Available data:
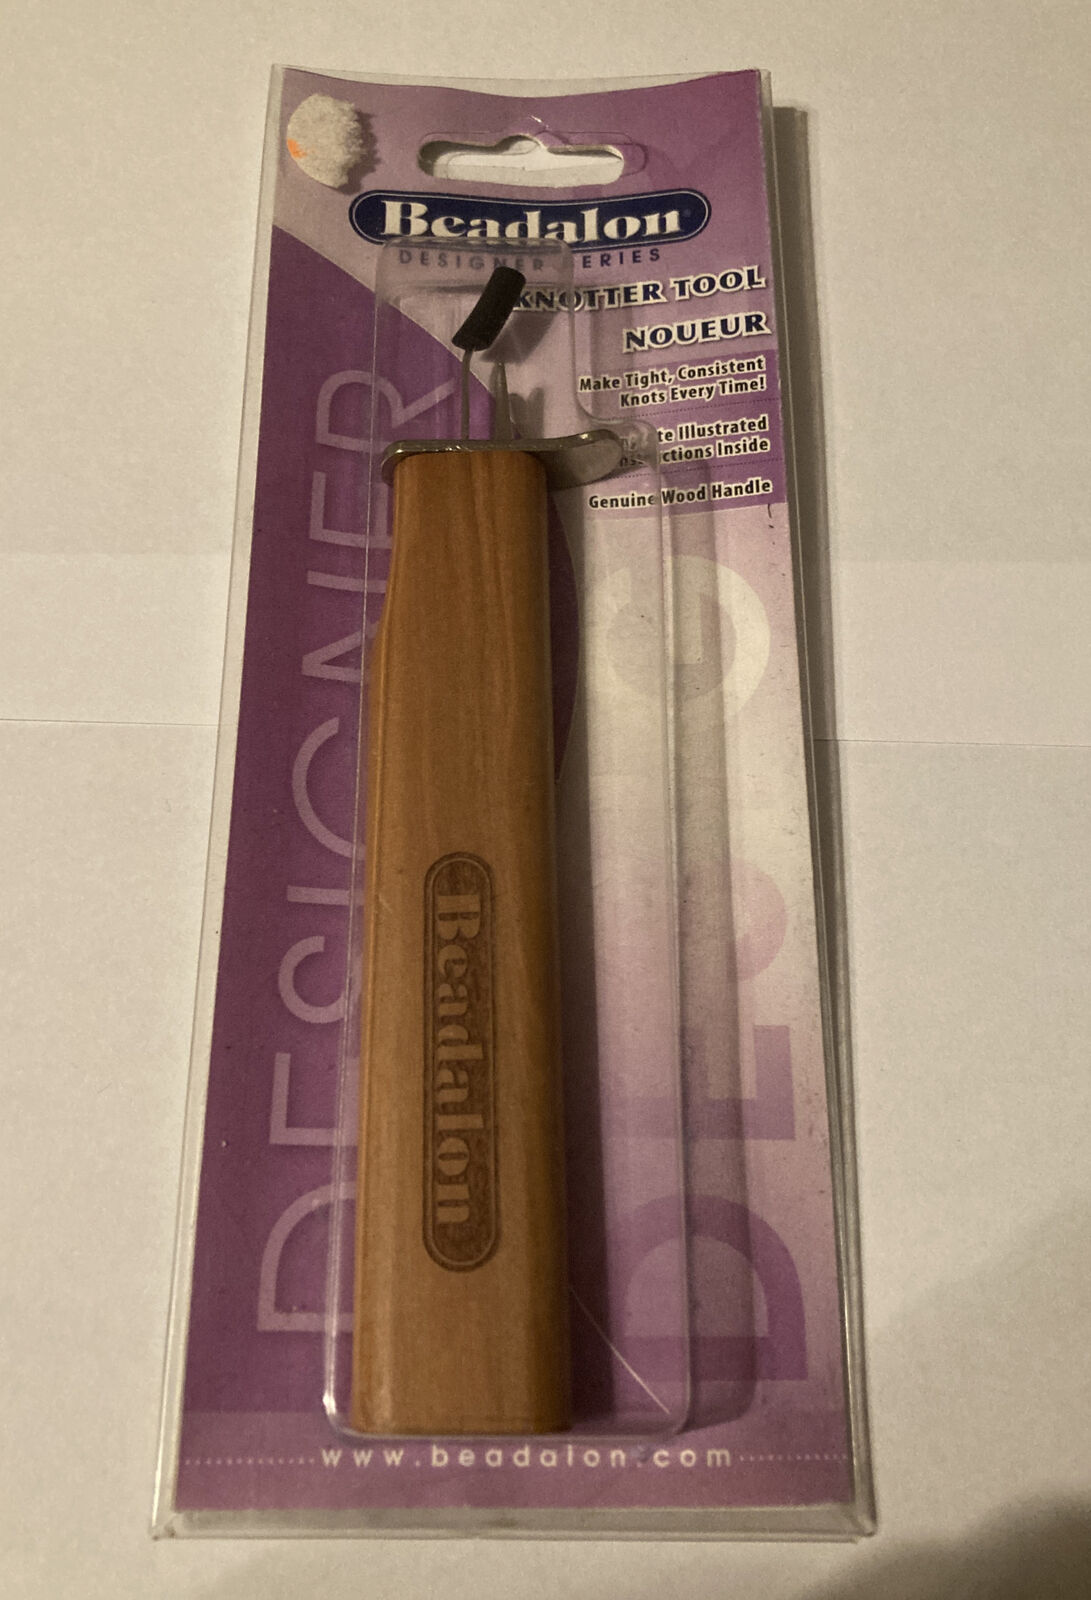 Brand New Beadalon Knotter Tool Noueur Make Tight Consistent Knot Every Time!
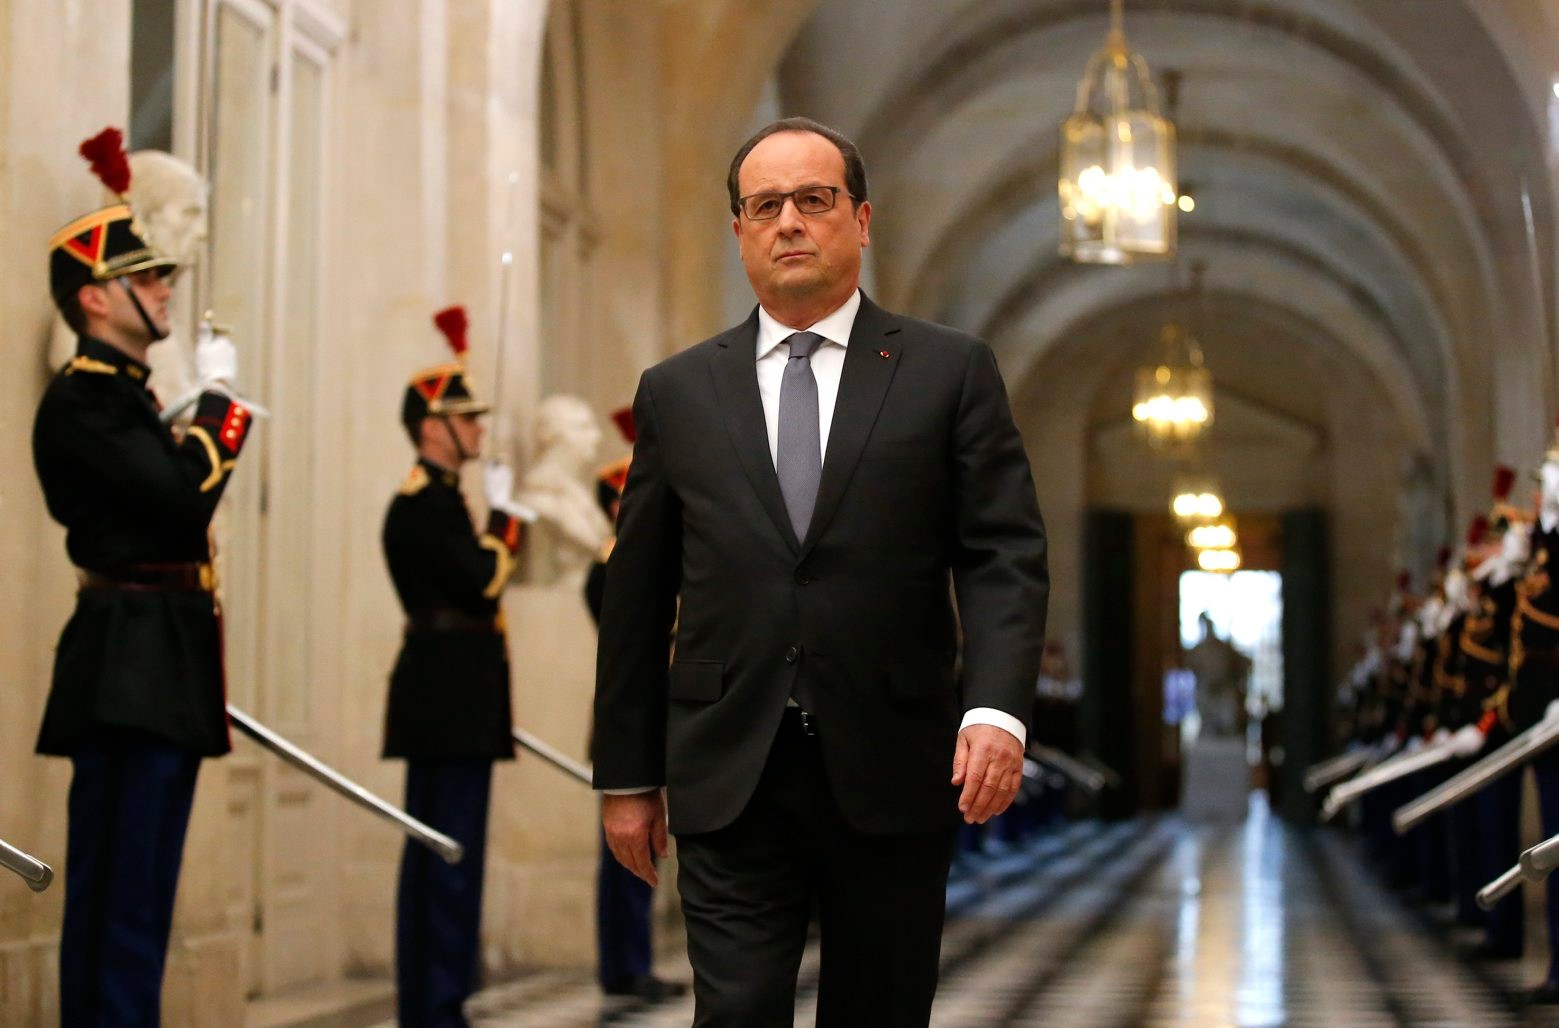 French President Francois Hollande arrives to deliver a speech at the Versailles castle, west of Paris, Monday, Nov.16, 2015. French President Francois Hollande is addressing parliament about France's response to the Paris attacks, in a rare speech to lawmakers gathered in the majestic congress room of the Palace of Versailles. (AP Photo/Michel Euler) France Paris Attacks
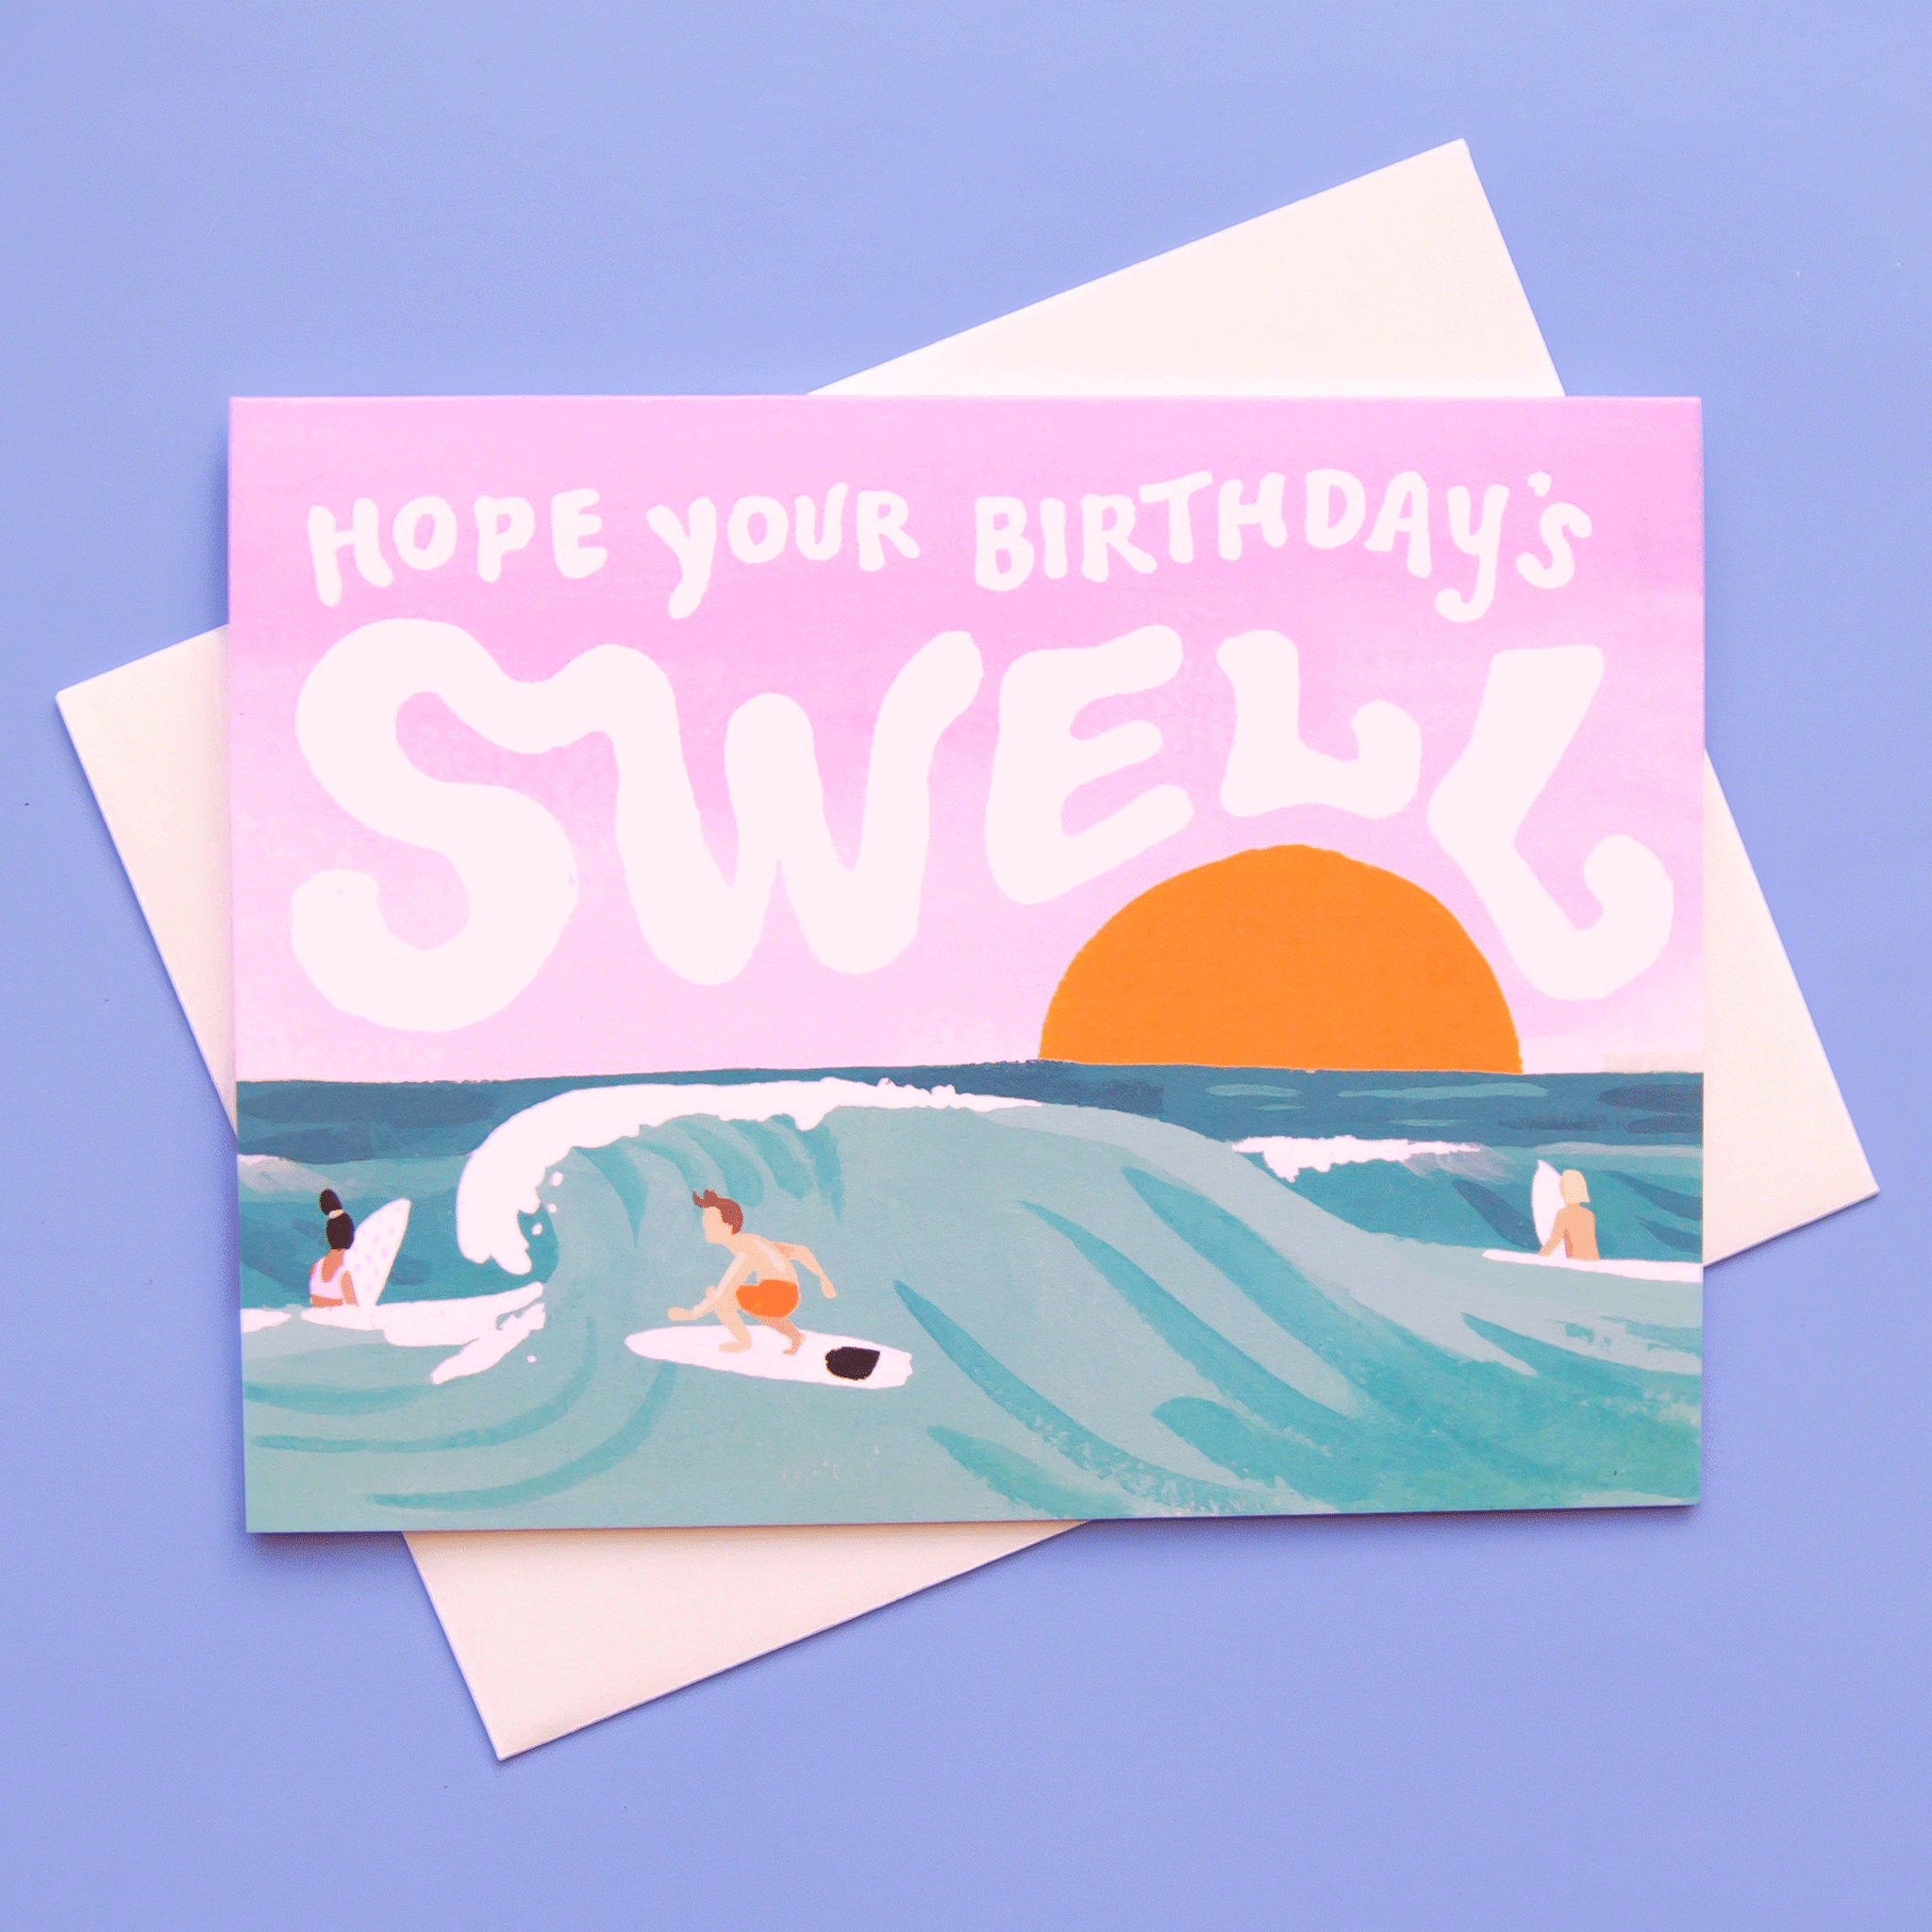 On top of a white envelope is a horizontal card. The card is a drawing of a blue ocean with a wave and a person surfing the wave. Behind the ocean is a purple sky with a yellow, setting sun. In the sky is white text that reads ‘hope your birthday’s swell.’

Goal of the exercise: Starting at the line that contains "French President Francois Hollande arrives", output every line through the end of the data, both ends included, and nothing else; pictures stay out.

Solution below:
 French President Francois Hollande arrives to deliver a speech at the Versailles castle, west of Paris, Monday, Nov.16, 2015. French President Francois Hollande is addressing parliament about France's response to the Paris attacks, in a rare speech to lawmakers gathered in the majestic congress room of the Palace of Versailles. (AP Photo/Michel Euler) France Paris Attacks
 On top of a white envelope is a horizontal card. The card is a drawing of a blue ocean with a wave and a person surfing the wave. Behind the ocean is a purple sky with a yellow, setting sun. In the sky is white text that reads ‘hope your birthday’s swell.’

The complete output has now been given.